Requirement ->
Write out the data that follows exactly, keeping every picture out.

Data section ->
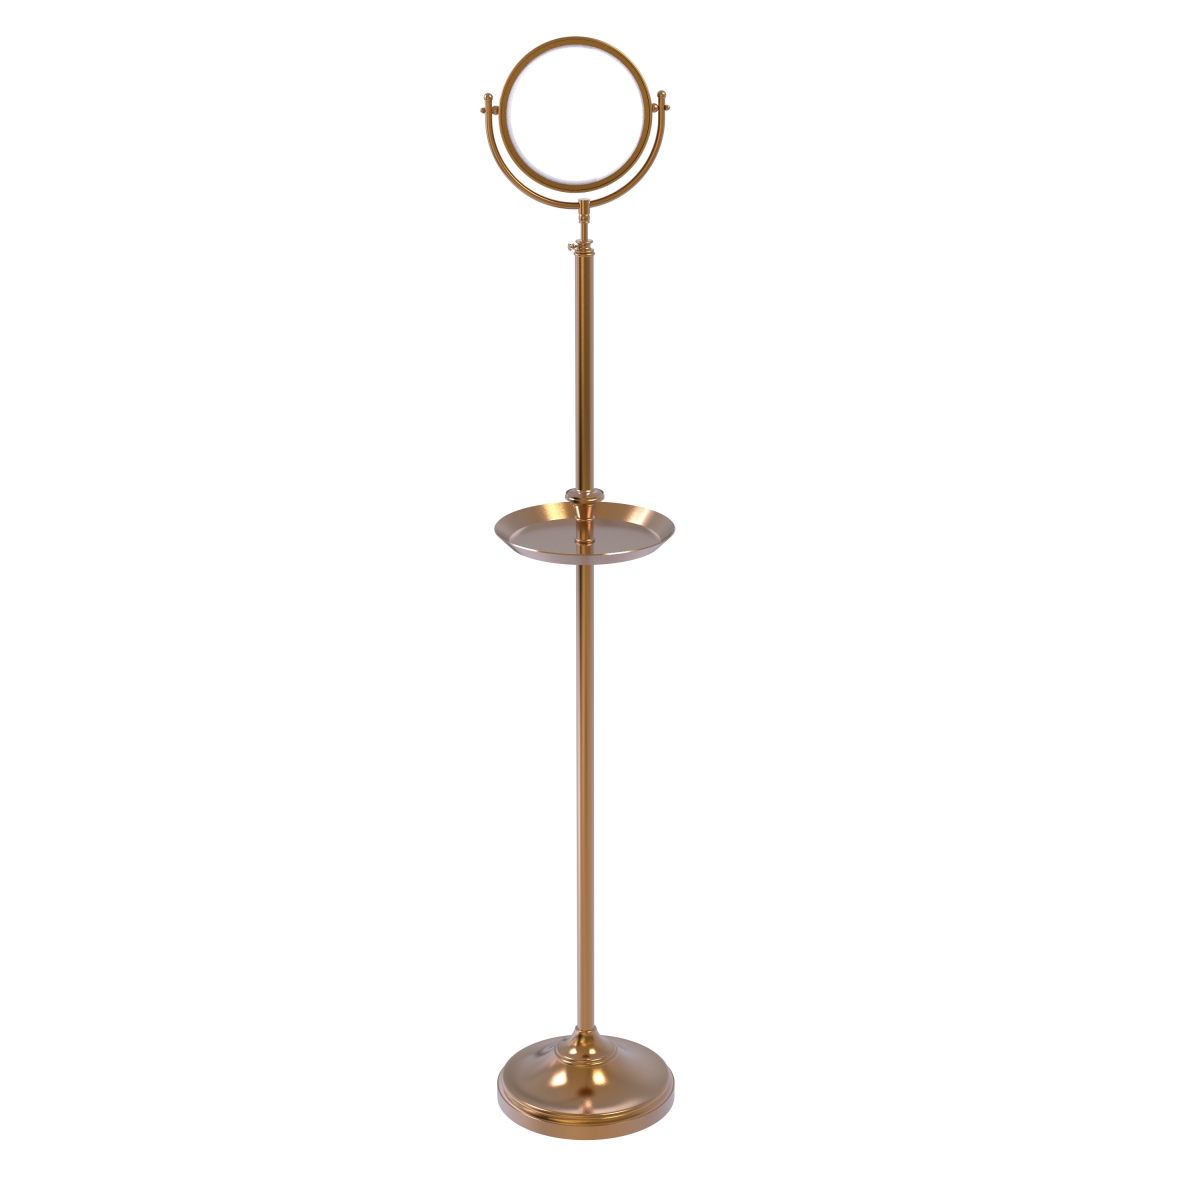 Allied Brass DMF-3-2X-BBR Floor Standing Make-Up Mirror 8 in. dia. with 2X Magnification & Shaving Tray, Brushed Bronze
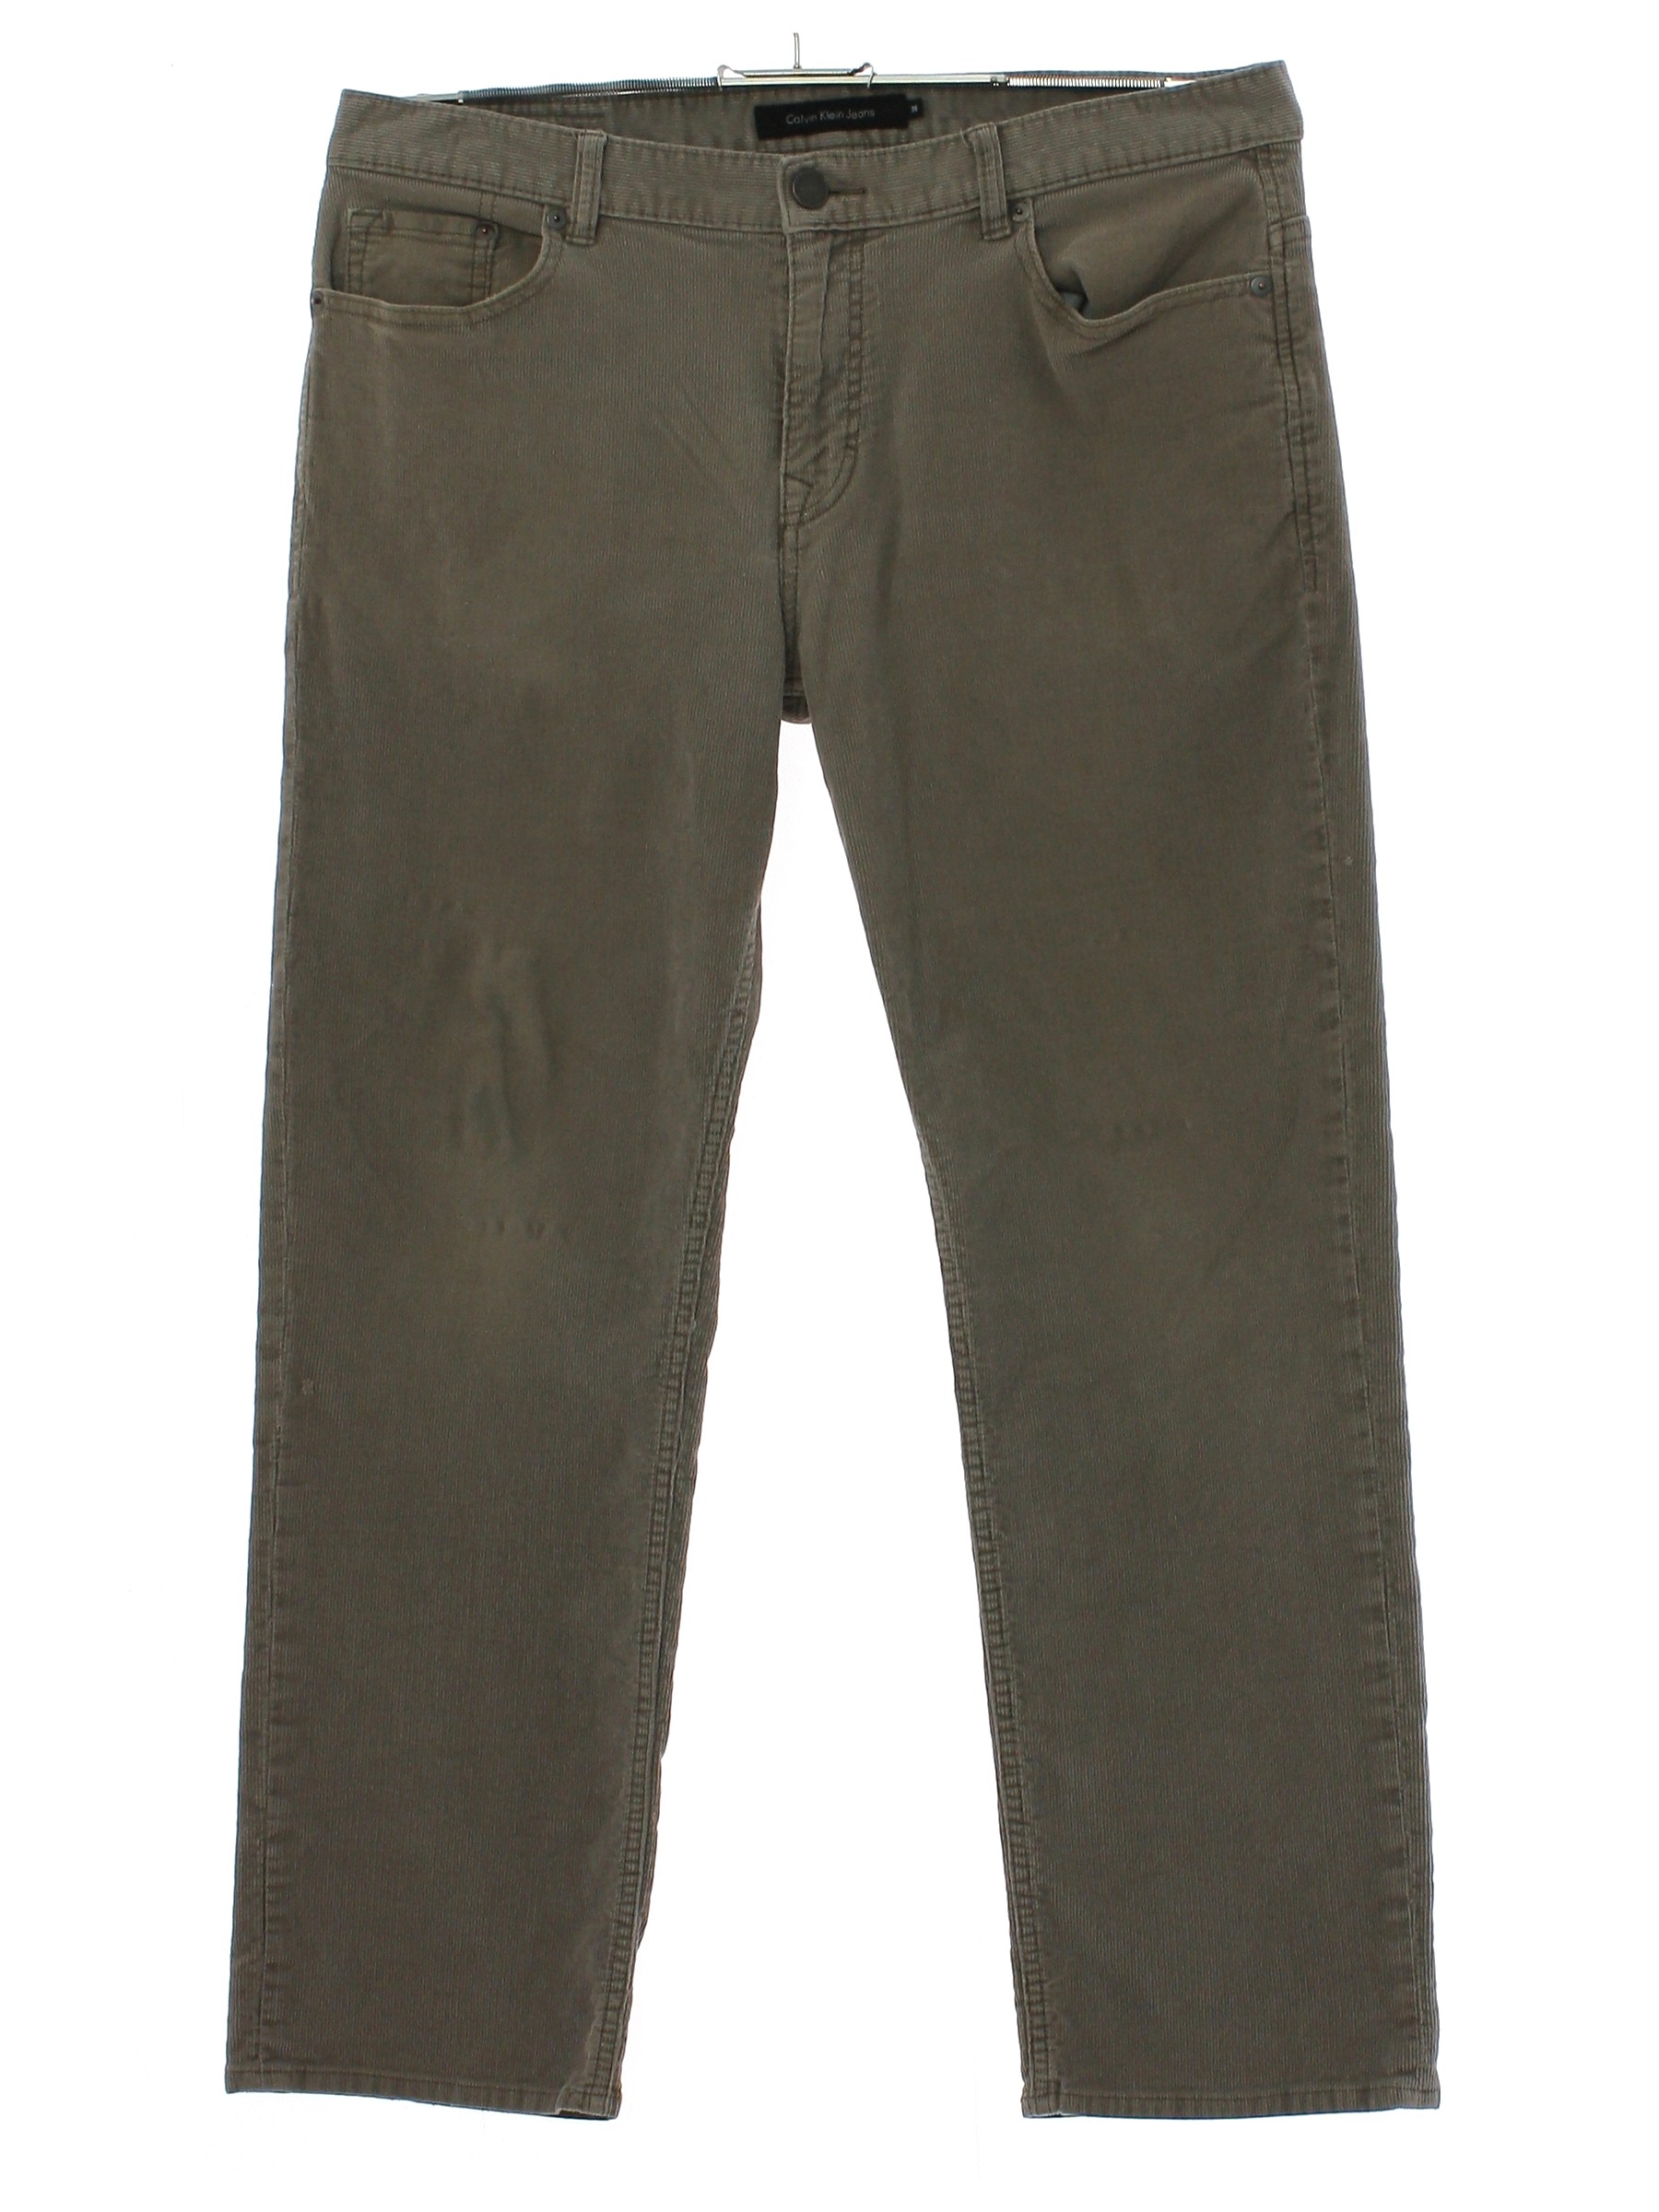 Pants: 90s -Calvin Klein- Mens tannish gray solid colored cotton ...
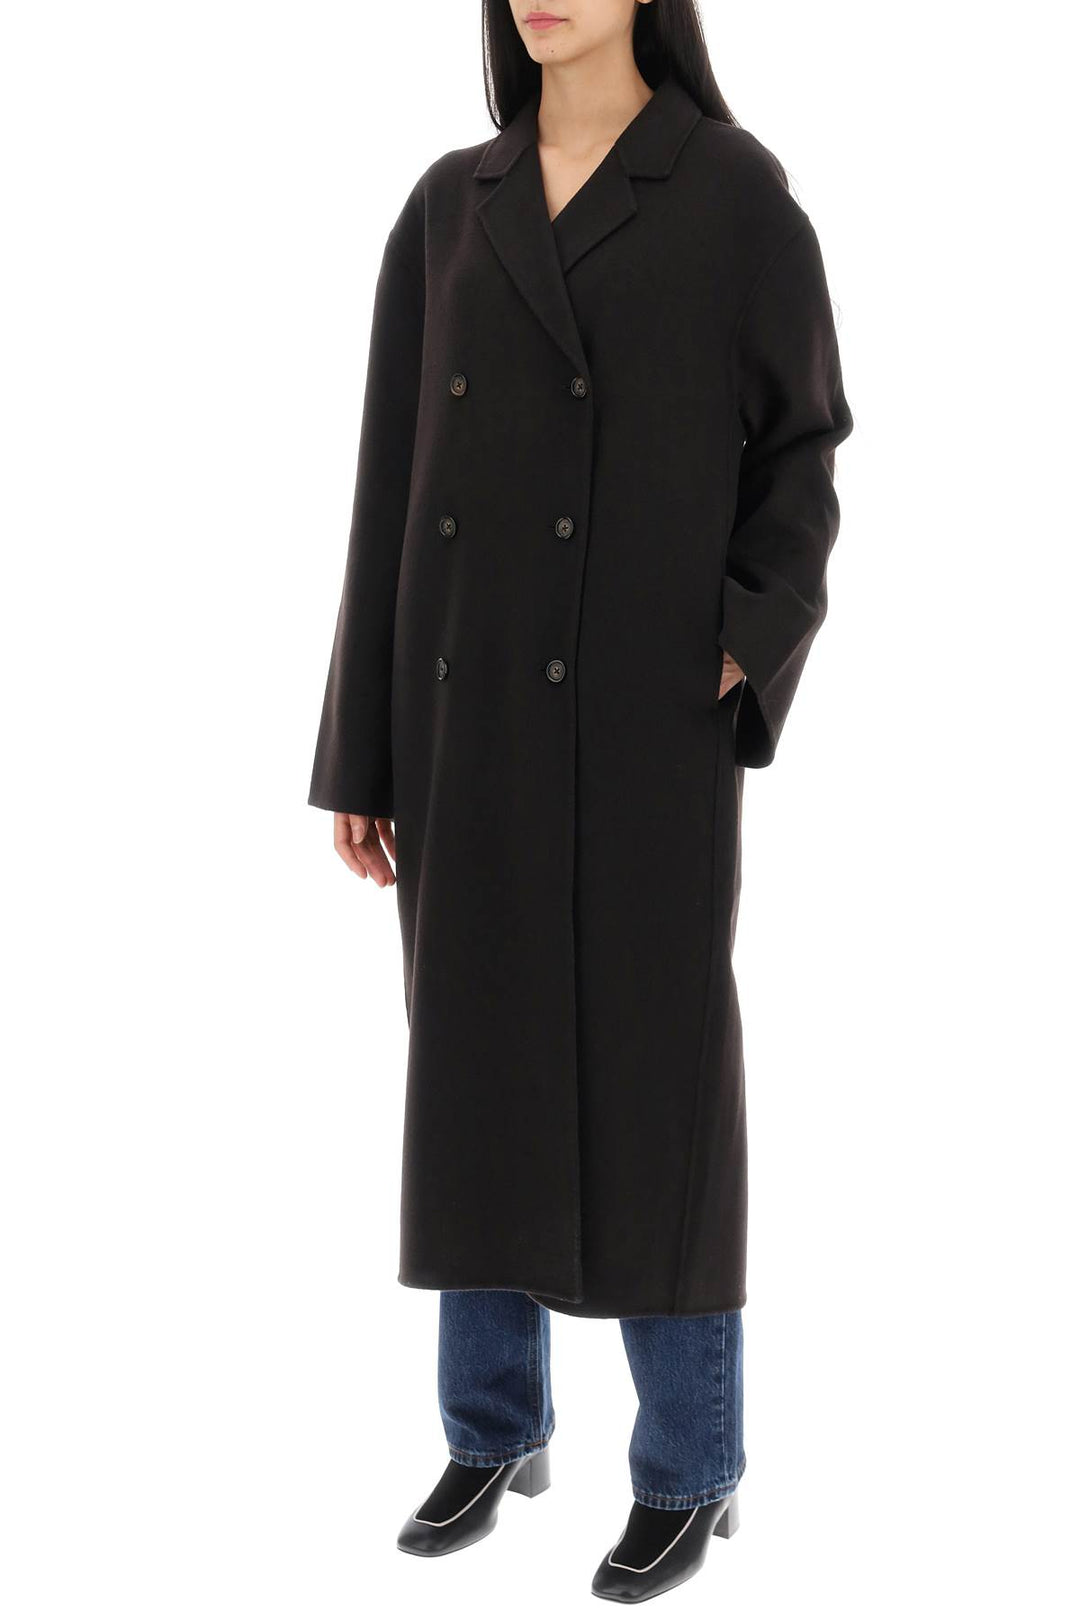 Toteme Oversized Double Breasted Wool Coat   Brown

Response box ->
 Allied Brass DMF-3-2X-BBR Floor Standing Make-Up Mirror 8 in. dia. with 2X Magnification & Shaving Tray, Brushed Bronze
 Pants: 90s -Calvin Klein- Mens tannish gray solid colored cotton ...
 Toteme Oversized Double Breasted Wool Coat   Brown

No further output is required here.